This will sound harsh, but I'd rather see them deleted than locked, because then the author isn't getting the benefit of the promotion even if people can't reply (after all, spam gets deleted). But like Duroc, I basically ignore them anyway, so locking them would be fine.


----------



## panzergulo (Oct 16, 2009)

Duroc and Poetigress have already said pretty much what I have to say about this whole matter...

This is a forum, not a show room. Try at least discouraging people from posting whole stories or chapters. I think one critique thread/sub-forum and maybe the optional 'Recommended Writers' thread are just enough. 'Recommended Reading' is a beautiful idea, but most people are more interested promoting themselves than others, as we have seen. Frankly, I don't think 'Recommended Anything' threads even work that well... Most the flavor texts in Take's thread are for people who already have an established reader base... I cannot really say I had a reader who would have found me through FAF. And I'm not sure if anybody really reads Duroc's posts... plus, he really recommends people who are really good and have readers already... Or, at least, this is the picture I have created. I would be most happy if I was proved wrong on any of these points. But people are people.
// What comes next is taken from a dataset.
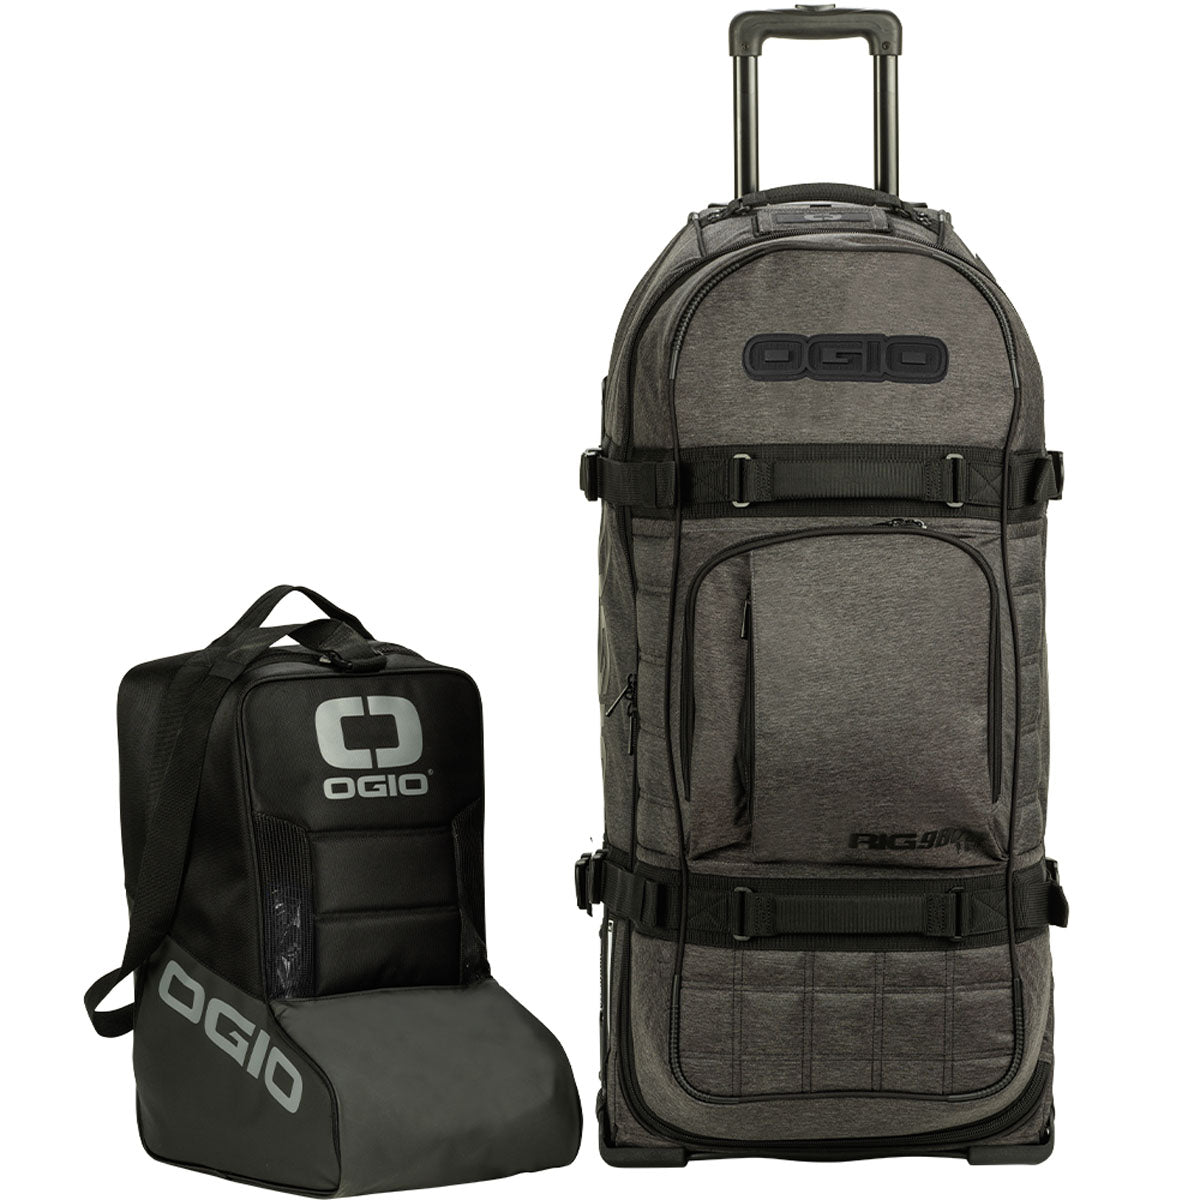 Ogio Rig 9800 Pro Gear Bag - Dark Static - ExtremeSupply.com
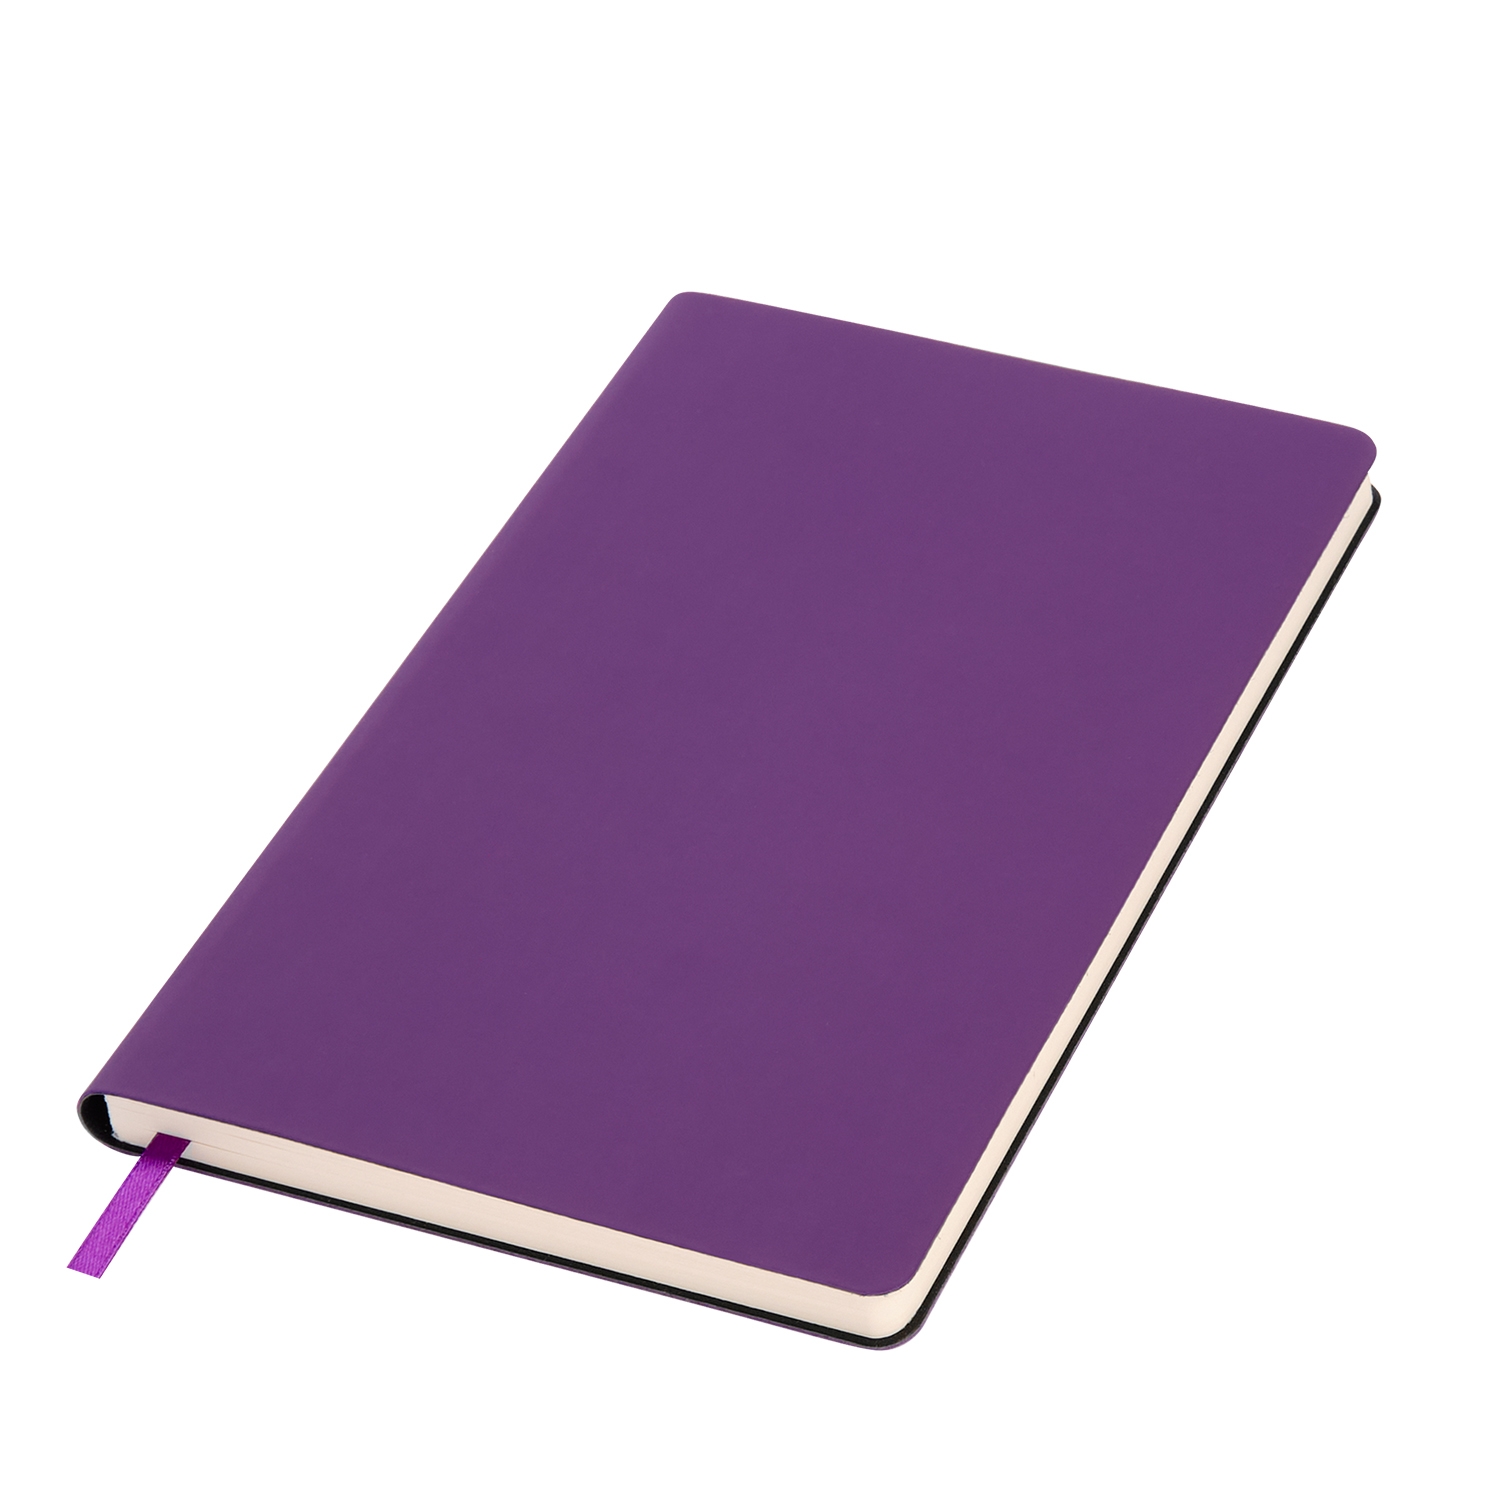 Ежедневник Spark недатированный, фиолетовый (без упаковки, без стикера), фиолетовый

If I were to set the rules... There wouldn't be full works allowed, only links to works on some real gallery site (FA and DA seem to be the most popular right now amongst FAF forumite writers), and even then they would be allowed to be posted only into one 'Monthly/Bi-Monthly Critique Thread'. There would be one 'Recommended Writers' thread, where a writer could recommend themselves or other writers and 'Recommended Reading' thread, where people could recommend works written by others. No single threads promoting any kind of art or asking for crits would be allowed. I would think this would cut excessive self-promotion, but still give enough room to ask for help and show there are good writers around here.

But that's just my opinion.

It's looking good, I hope you can establish some set of rules we all can live with. Keep it up, MLR and that other guy.


----------



## Atrak (Oct 16, 2009)

I agree with what panzer said, with one exception.



> 'Recommended Writers' thread, where a writer could recommend themselves


 
Writers should not be allowed to recommend themselves, because then the thread would just become another promotion for writers, like a repetition of the Critique thread.


----------



## TakeWalker (Oct 16, 2009)

I, of course, love self-promotion. 

But between my thread and the fact that it would suck Recommended Reading, i think we have promotion covered. And you _can_ promote yourself in my thread, fyi, all you have to do is provide a link to your own gallery, because I will not take the time to get one for you.  The purpose of that thread is to have a comprehensive list of all the writers on FA.


----------



## M. LeRenard (Oct 16, 2009)

All right, then.  I'll just go ahead and adjust the forum rules to accommodate any and all self-promotion threads, and in closing such threads I'll redirect the OP to instead use Take's thread.
I'll leave this discussion topic open in case anyone has anything else to say.


----------